Stronger Baseline Models -- A Key Requirement for Aligning Machine Learning Research with Clinical Utility
Nathan Wolfrath, Joel Wolfrath, Hengrui Hu, Anjishnu Banerjee, Anai N. Kothari
TL;DR
The paper addresses how the lack of strong, well-tuned baselines can obscure the true value of complex ML methods in healthcare. By analyzing five case studies, it shows that robust baselines often match or exceed the performance of sophisticated models, revealing when added complexity is unnecessary and highlighting issues of generalization and interpretability. It then offers a practical evaluation framework and best practices for constructing, reporting, and reasoning about baselines to better align ML research with clinical utility. This approach aims to reduce deployment barriers by improving transparency, comparability, and relevance of ML models in real-world healthcare settings.
Abstract
Machine Learning (ML) research has increased substantially in recent years, due to the success of predictive modeling across diverse application domains.
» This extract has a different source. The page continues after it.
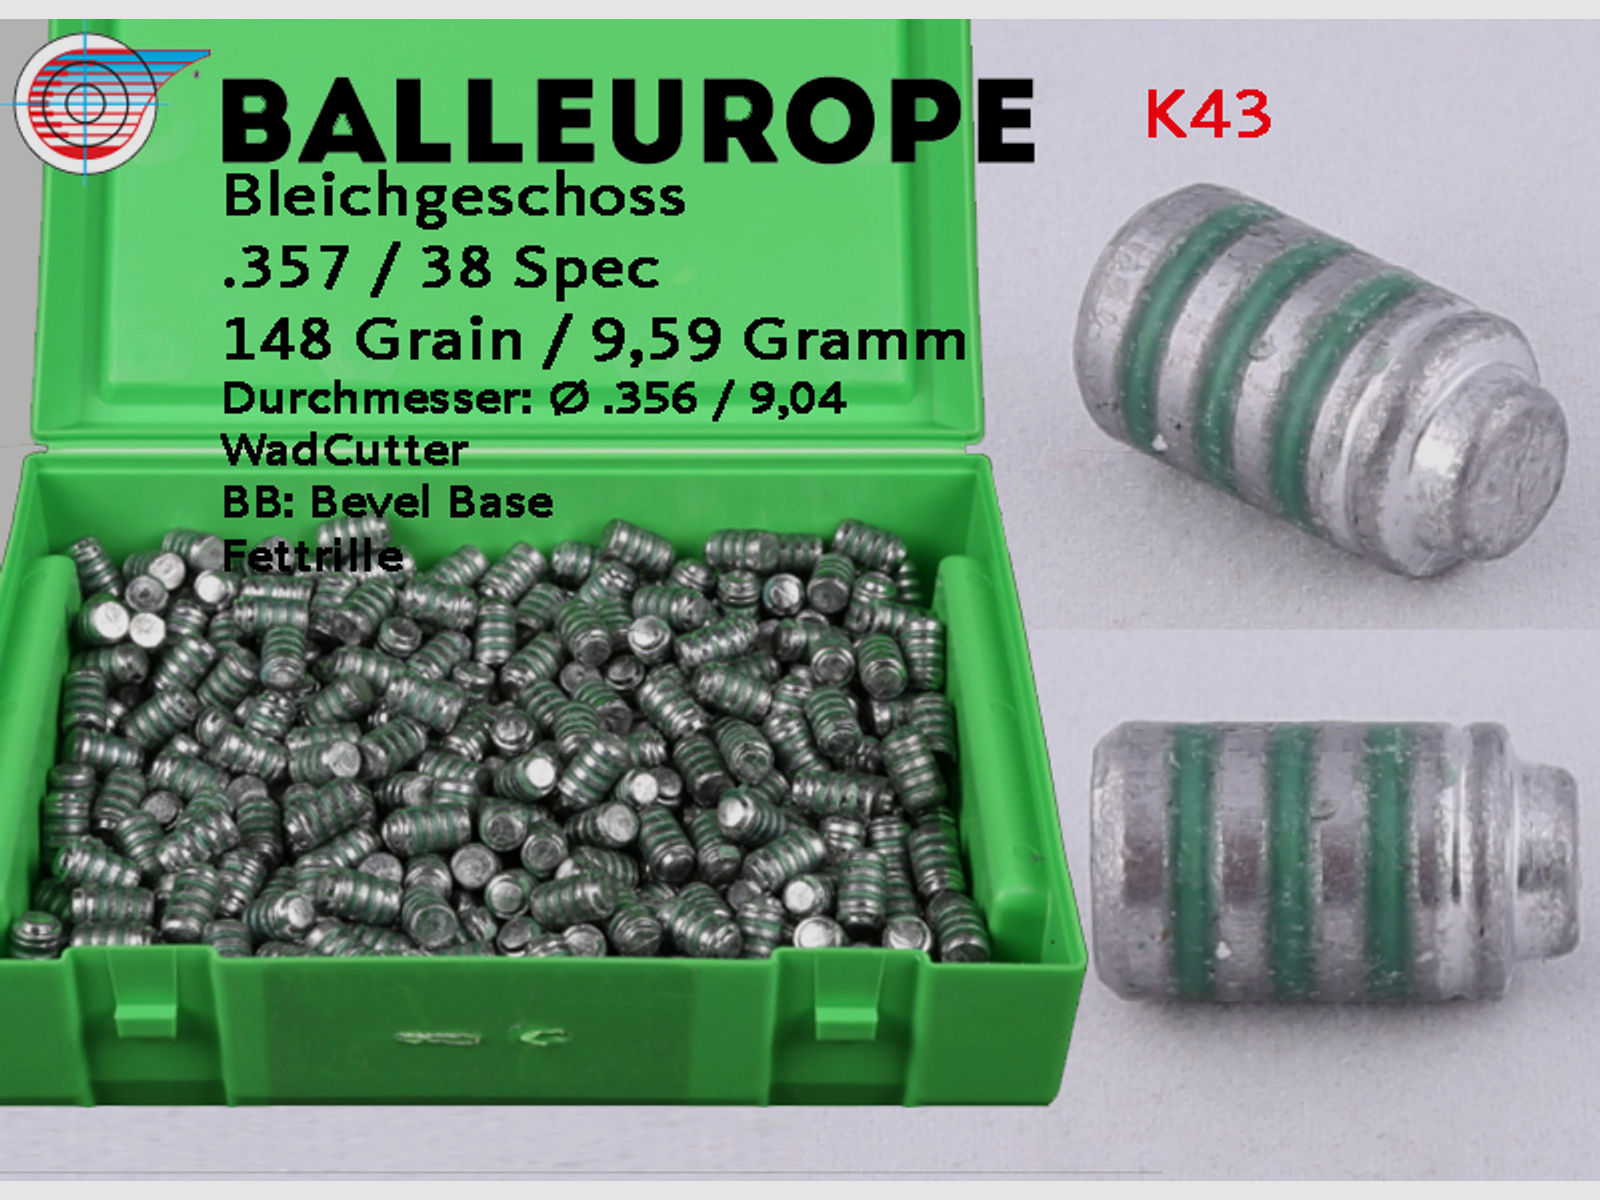 500 Geschoße .38 Special: Ø.356 / 9,04mm 148 Grain Crimprille, Fettrille Wadcutter BB Balleurope K43
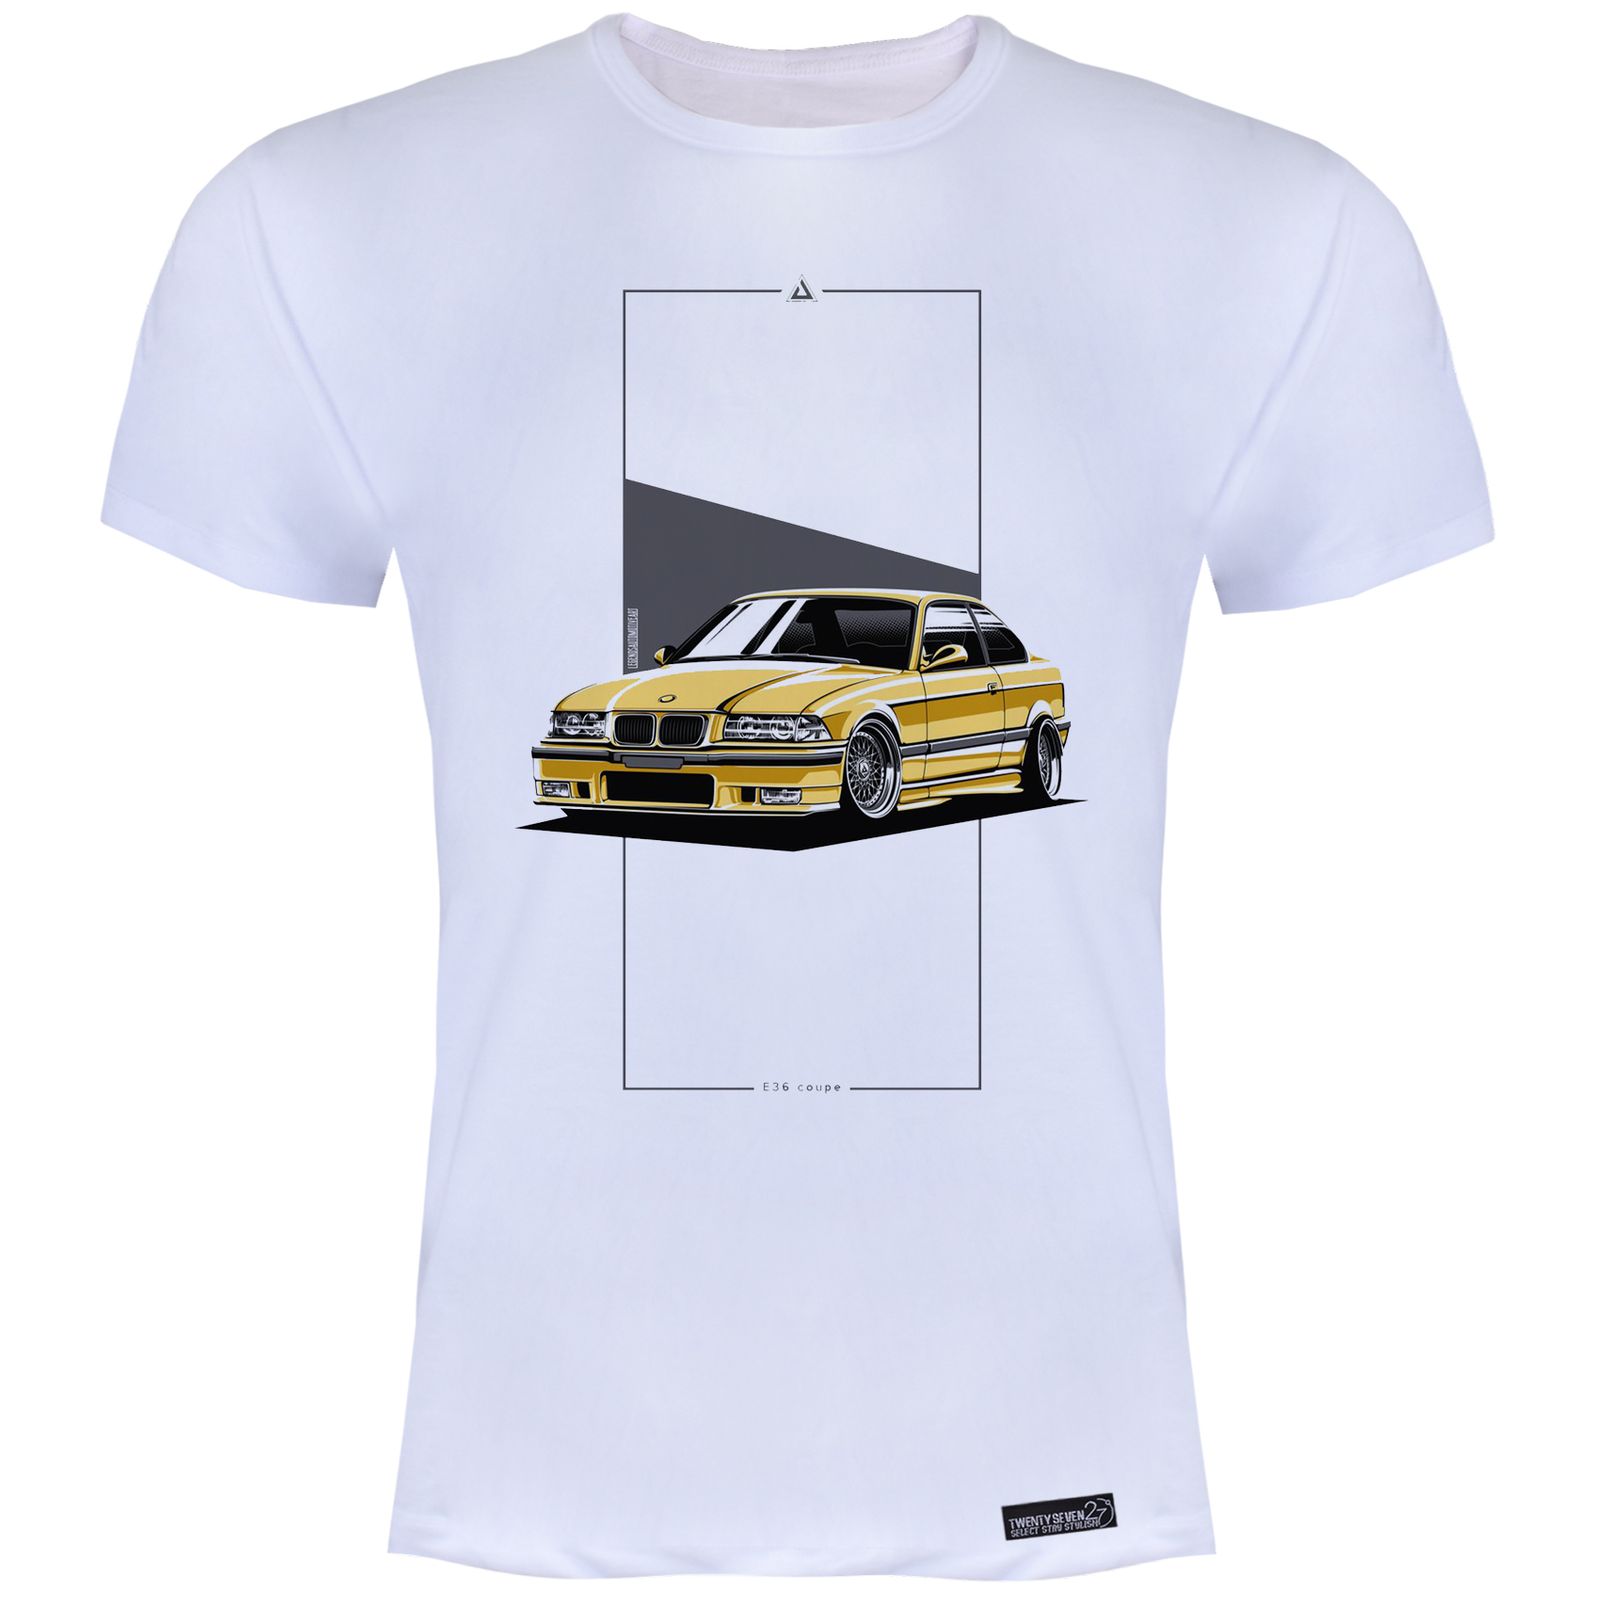 تی شرت آستین کوتاه مردانه 27 مدل ماشین کد KV245 رنگ سفید -  - 2

However, well-known barriers exist when attempting to deploy ML models in high-stakes, clinical settings, including lack of model transparency (or the inability to audit the inference process), large training data requirements with siloed data sources, and complicated metrics for measuring model utility. In this work, we show empirically that including stronger baseline models in healthcare ML evaluations has important downstream effects that aid practitioners in addressing these challenges. Through a series of case studies, we find that the common practice of omitting baselines or comparing against a weak baseline model (e.g. a linear model with no optimization) obscures the value of ML methods proposed in the research literature. Using these insights, we propose some best practices that will enable practitioners to more effectively study and deploy ML models in clinical settings.